(What needs to be done): Only the stretch below from the line holding "Momentum - Minimal" through the line holding "Handful of Strawberries." should be restated, word for word and with both ends included; pictures stay out.

(Records provided):
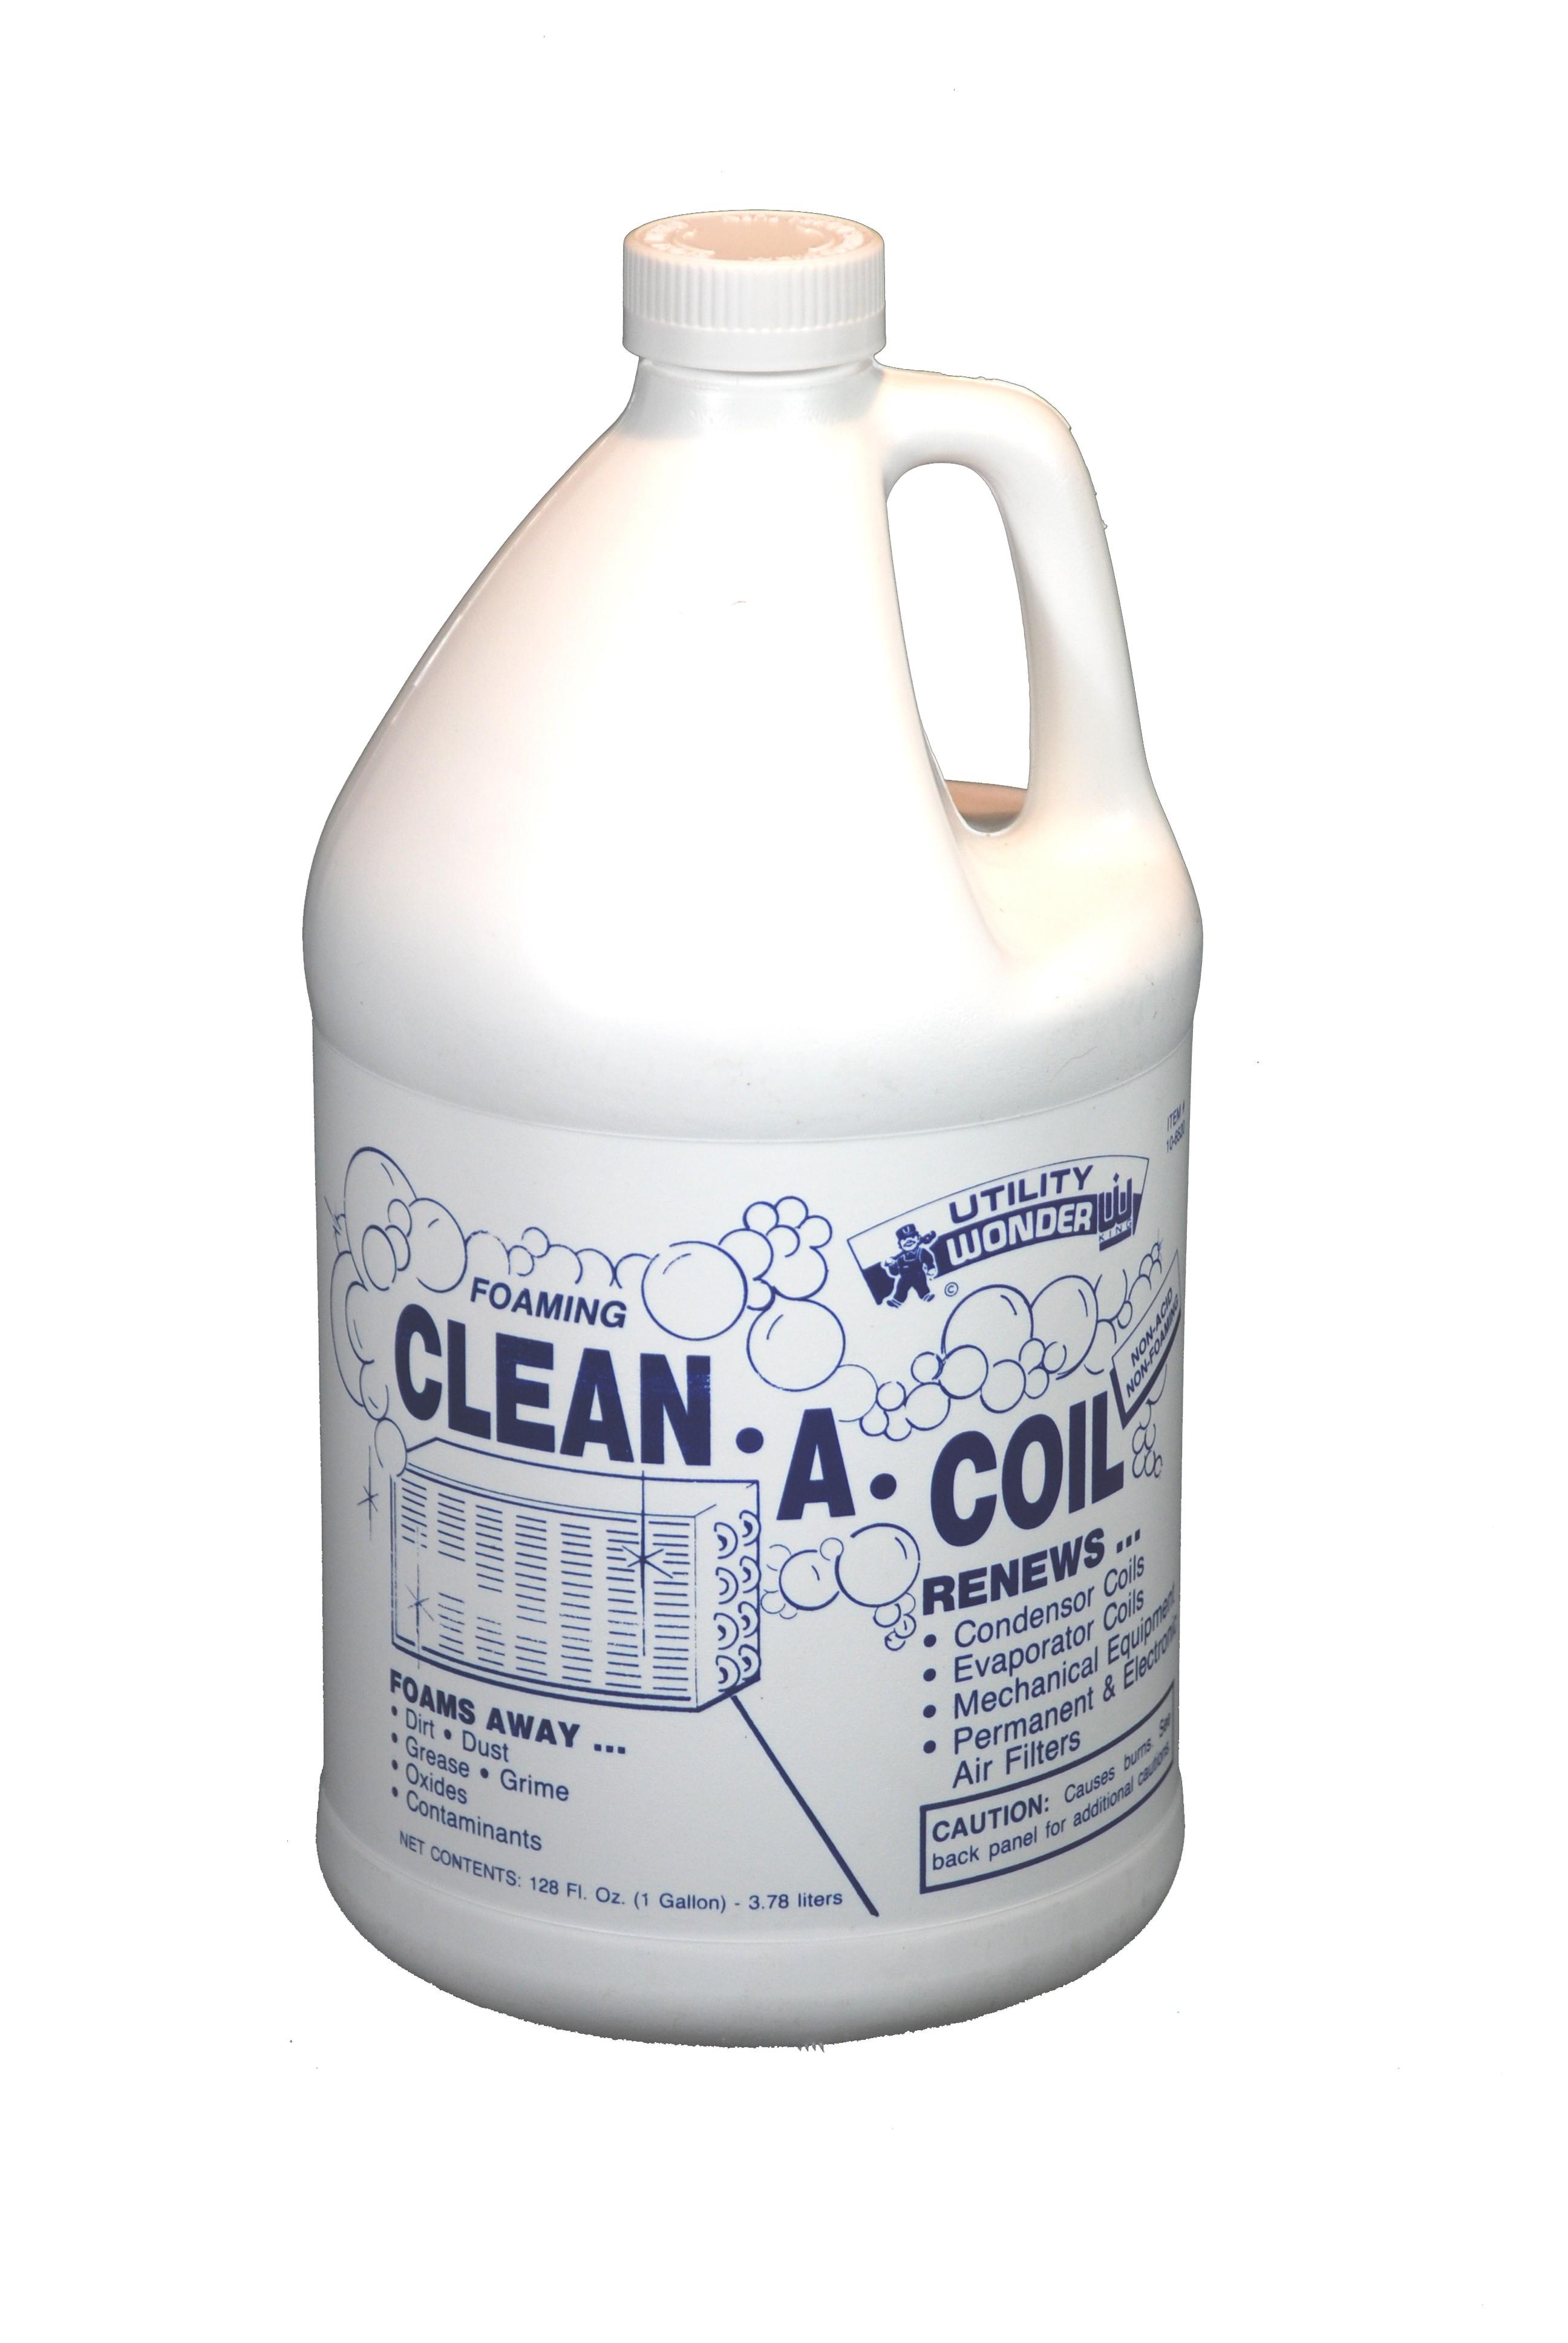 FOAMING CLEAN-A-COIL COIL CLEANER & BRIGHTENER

---

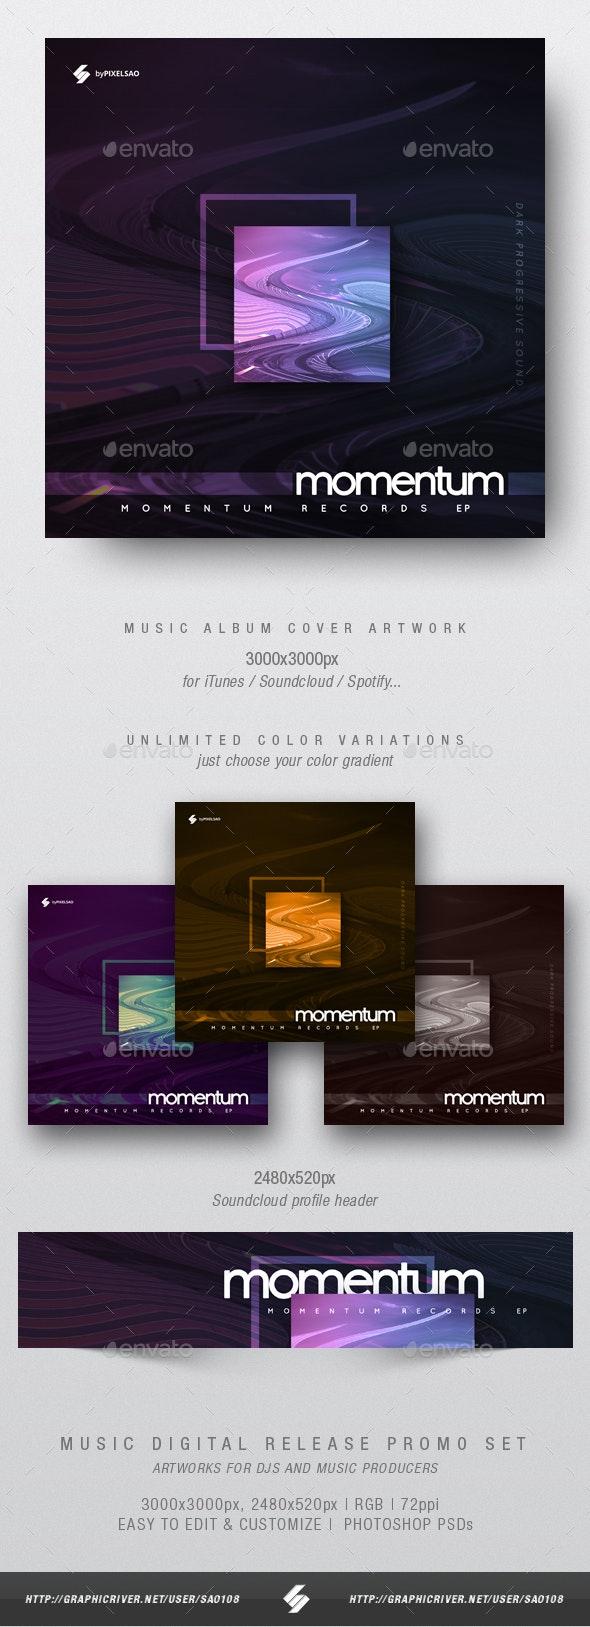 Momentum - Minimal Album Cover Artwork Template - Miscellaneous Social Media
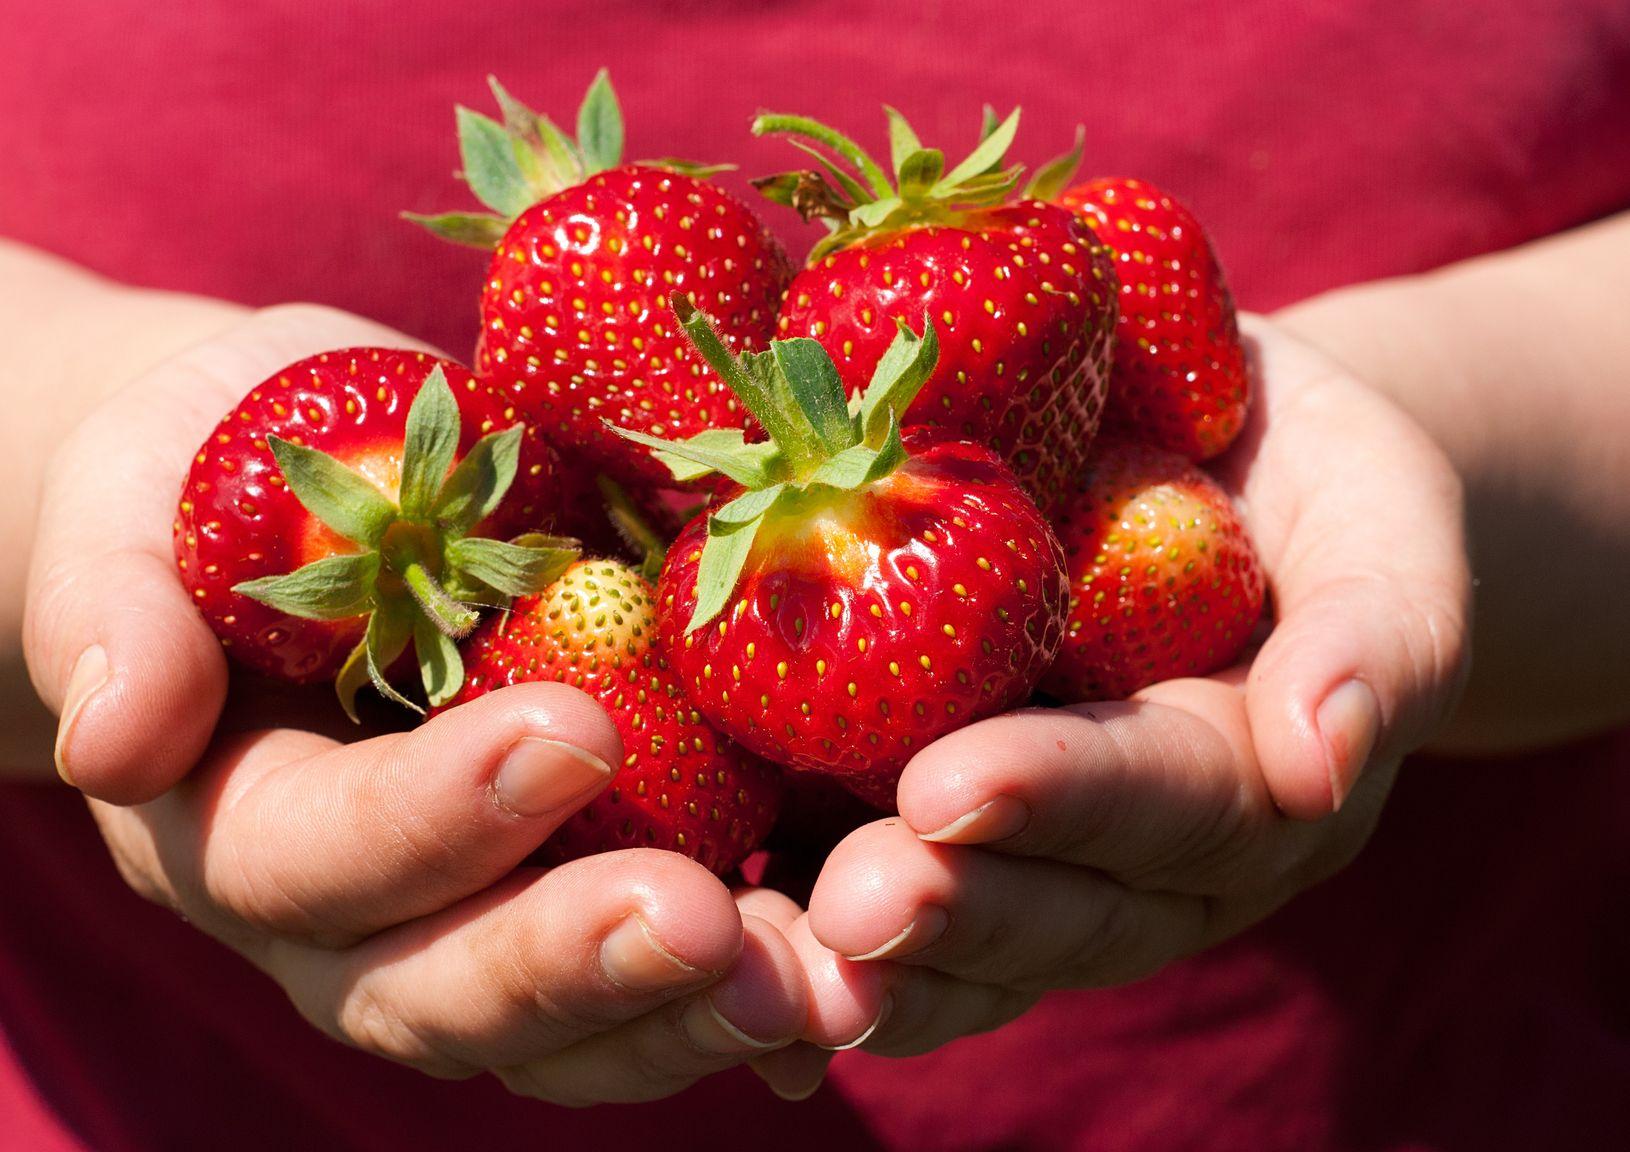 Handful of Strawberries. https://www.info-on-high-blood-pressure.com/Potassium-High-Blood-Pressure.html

(Result):
 Momentum - Minimal Album Cover Artwork Template - Miscellaneous Social Media
 Handful of Strawberries. https://www.info-on-high-blood-pressure.com/Potassium-High-Blood-Pressure.html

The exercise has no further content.